Na prática, isso pode representar aportes mensais entre R$ 400 e R$ 700, desde que realizados de forma consistente e com visão de longo prazo.
“Quando essa conta sai do campo teórico e vai para o cotidiano, as pessoas entendem que previdência não é um tema distante. Não estamos falando necessariamente de grandes aportes, mas de disciplina e continuidade. O custo de esperar é que costuma ser alto”, destaca Cristo.
O tempo é o maior aliado
Especialistas apontam que o fator mais importante para quem deseja construir uma aposentadoria mais confortável não é necessariamente o valor investido, mas o tempo disponível para acumular recursos.
Quem inicia o planejamento mais cedo consegue aproveitar melhor os efeitos dos juros compostos, reduzindo significativamente o esforço financeiro necessário para alcançar o mesmo objetivo.
“O tempo é o principal ativo da previdência. Quem começa cedo aproveita mais os juros compostos e dilui o esforço ao longo da vida. Quem adia concentra o custo nos anos finais da carreira”, explica o assessor.
Previdência complementar ganha espaço
Cada vez mais utilizada como ferramenta de planejamento financeiro, a previdência complementar deixou de ser vista apenas como um instrumento para aposentadoria.
Além de complementar a renda futura, ela pode ser utilizada para objetivos como formação de patrimônio, educação dos filhos, sucessão patrimonial e até mesmo projetos ligados à independência financeira.
Segundo Cristo, quando o planejamento começa cedo, o potencial de acumulação cresce significativamente. Uma previdência iniciada ainda na infância, por exemplo, pode gerar uma reserva relevante na vida adulta e proporcionar mais liberdade para decisões profissionais e pessoais.
“O brasileiro ainda associa previdência apenas à aposentadoria, mas ela pode ser uma ferramenta poderosa para construir patrimônio ao longo do tempo. Quanto antes se começa, maiores são as possibilidades de transformar pequenos aportes em uma reserva relevante para o futuro”, afirma.
Diante do aumento da longevidade e das mudanças demográficas em curso, especialistas defendem que o planejamento financeiro de longo prazo se tornará cada vez mais essencial para garantir estabilidade e qualidade de vida após o encerramento da carreira profissional.

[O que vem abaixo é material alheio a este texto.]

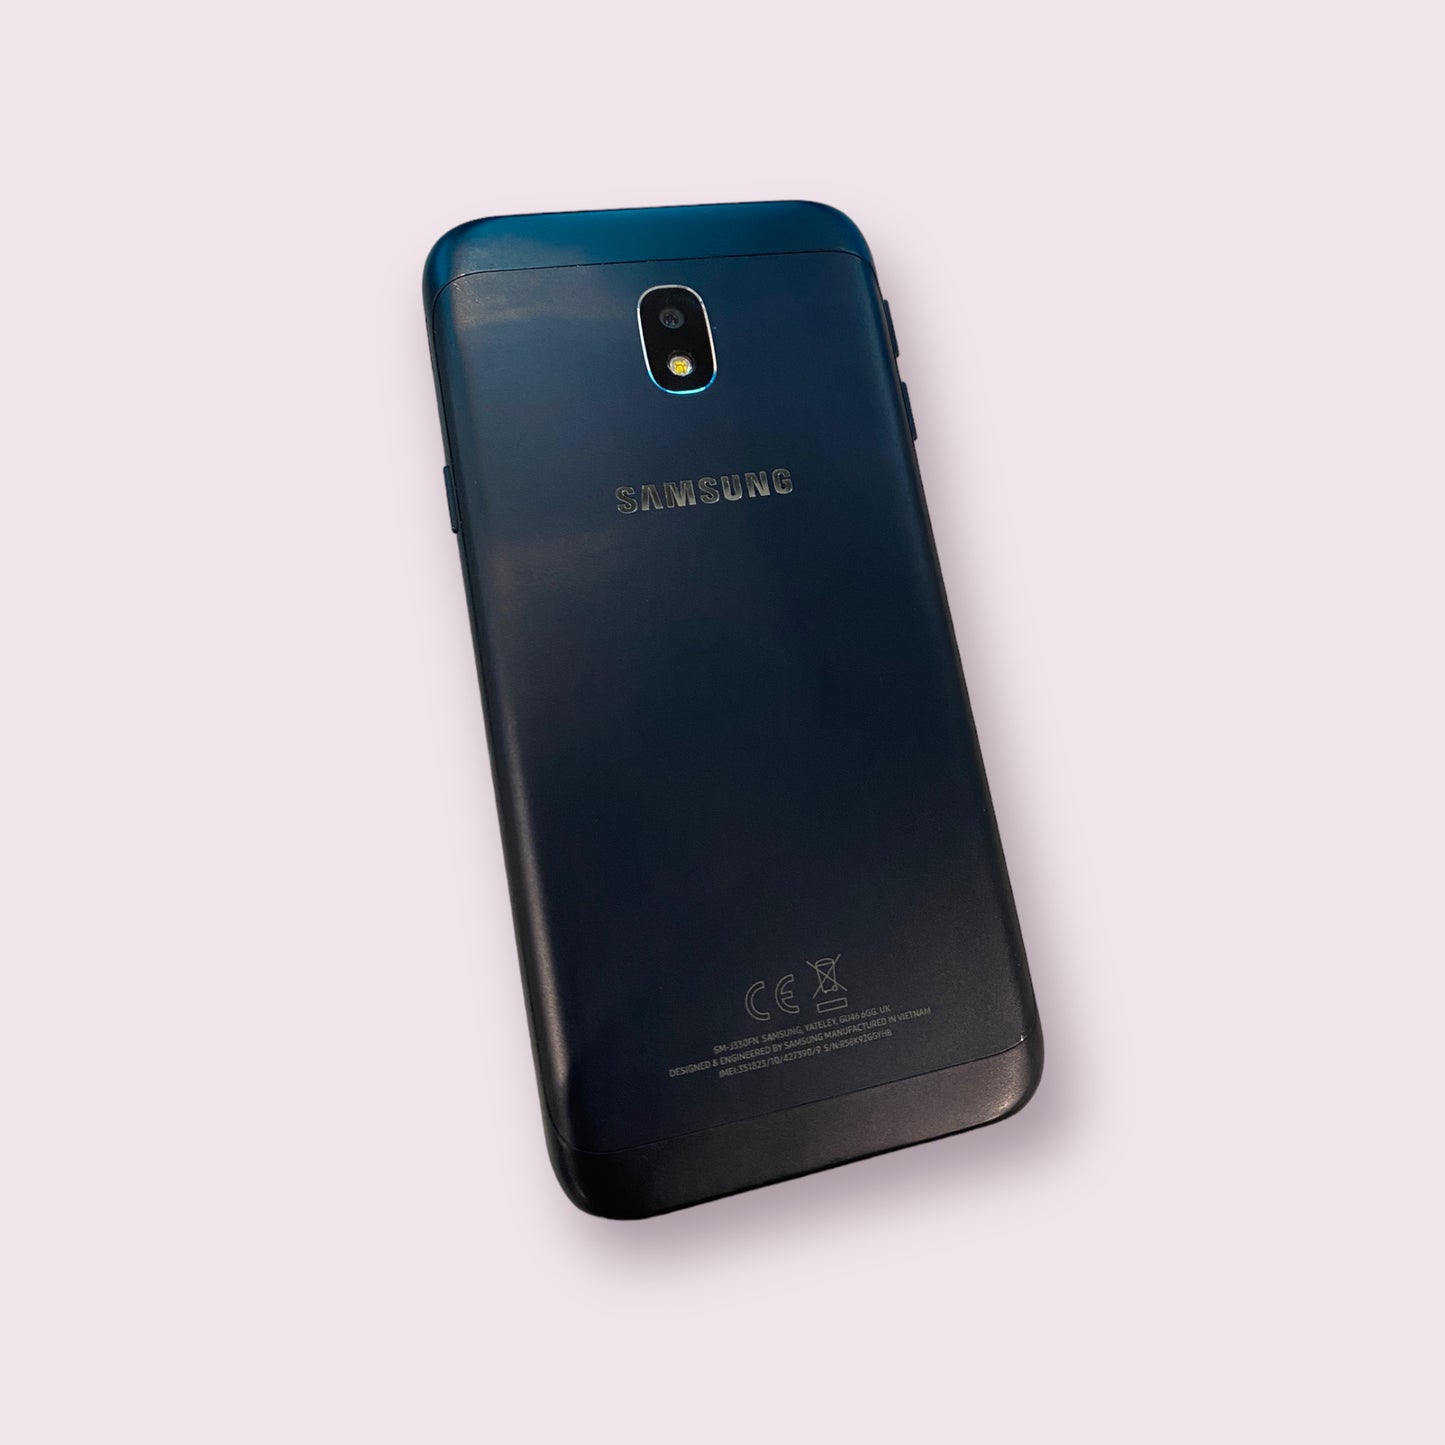 Samsung Galaxy J3 2017 SM-J330F 16GB Black - Unlocked - Grade B

Como começar a planejar a aposentadoria
Especialistas recomendam três passos básicos para quem deseja construir uma aposentadoria mais tranquila:
Comece imediatamente
Mais importante do que investir grandes quantias é dar o primeiro passo. A consistência ao longo dos anos faz a diferença.Foque na renda futura
O objetivo não deve ser apenas acumular patrimônio, mas garantir uma renda capaz de manter o padrão de vida desejado.Automatize os investimentos
Programar aportes mensais ajuda a criar disciplina financeira e reduz a chance de interrupções no planejamento.
Para os especialistas, o maior risco continua sendo adiar o início da construção dessa reserva.
“O maior erro não é investir pouco, mas não começar. O planejamento previdenciário funciona quando deixa de depender da motivação e passa a fazer parte da rotina financeira”, conclui Christian Cristo.